- _Records for the task_:
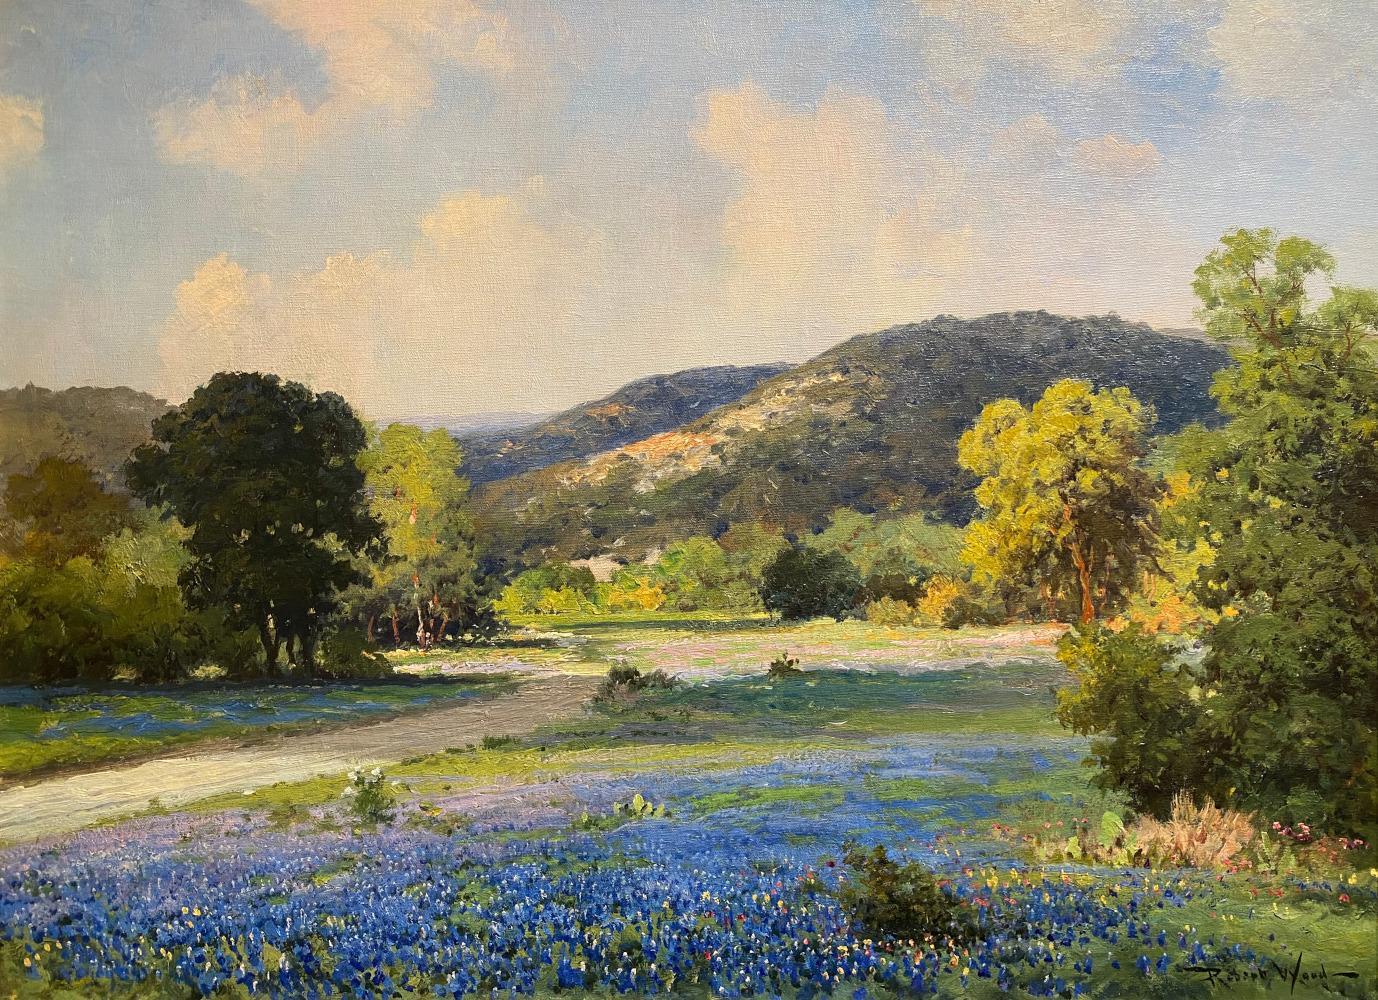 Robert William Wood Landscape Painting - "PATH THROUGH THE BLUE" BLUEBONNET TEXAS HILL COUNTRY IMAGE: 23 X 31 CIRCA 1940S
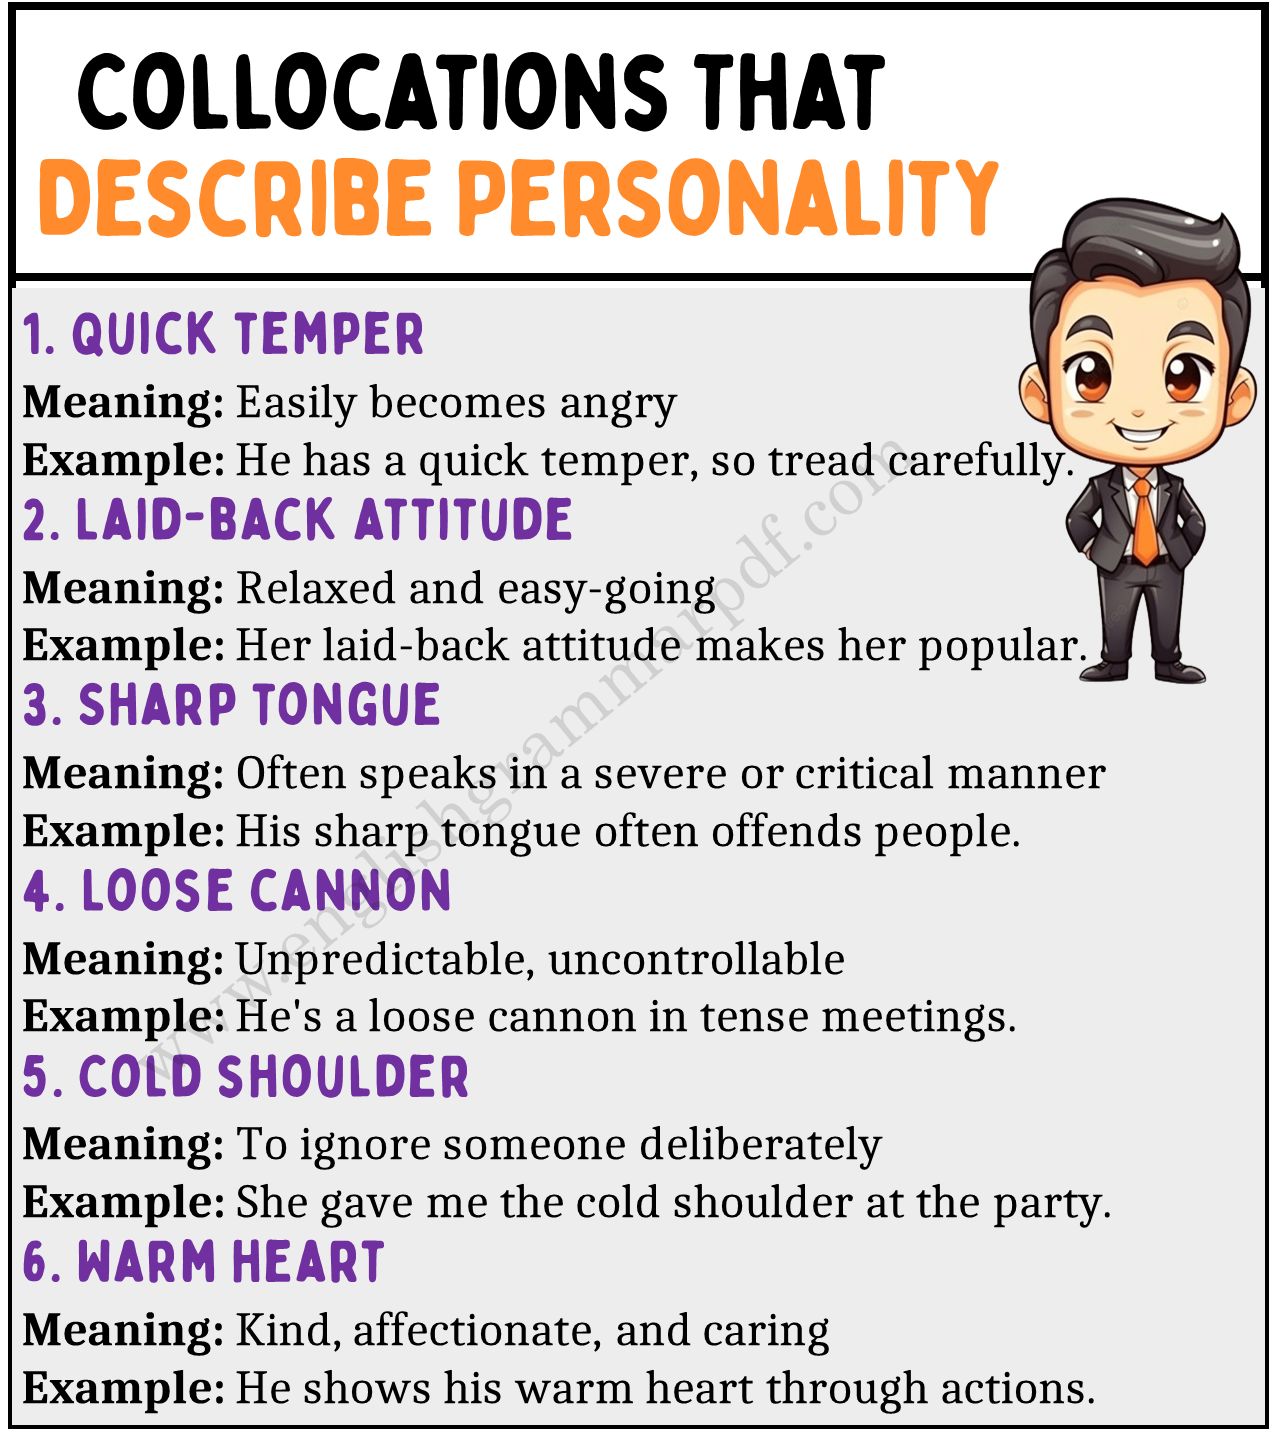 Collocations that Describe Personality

==

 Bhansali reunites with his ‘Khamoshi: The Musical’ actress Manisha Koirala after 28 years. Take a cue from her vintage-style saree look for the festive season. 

- _Work item_: When you reach the line that has "Robert William Wood" in the data above, start repeating lines exactly, and stop after the line that has "Collocations that Describe Personality"; pictures stay out.

- _Response to this task_:
 Robert William Wood Landscape Painting - "PATH THROUGH THE BLUE" BLUEBONNET TEXAS HILL COUNTRY IMAGE: 23 X 31 CIRCA 1940S
 Collocations that Describe Personality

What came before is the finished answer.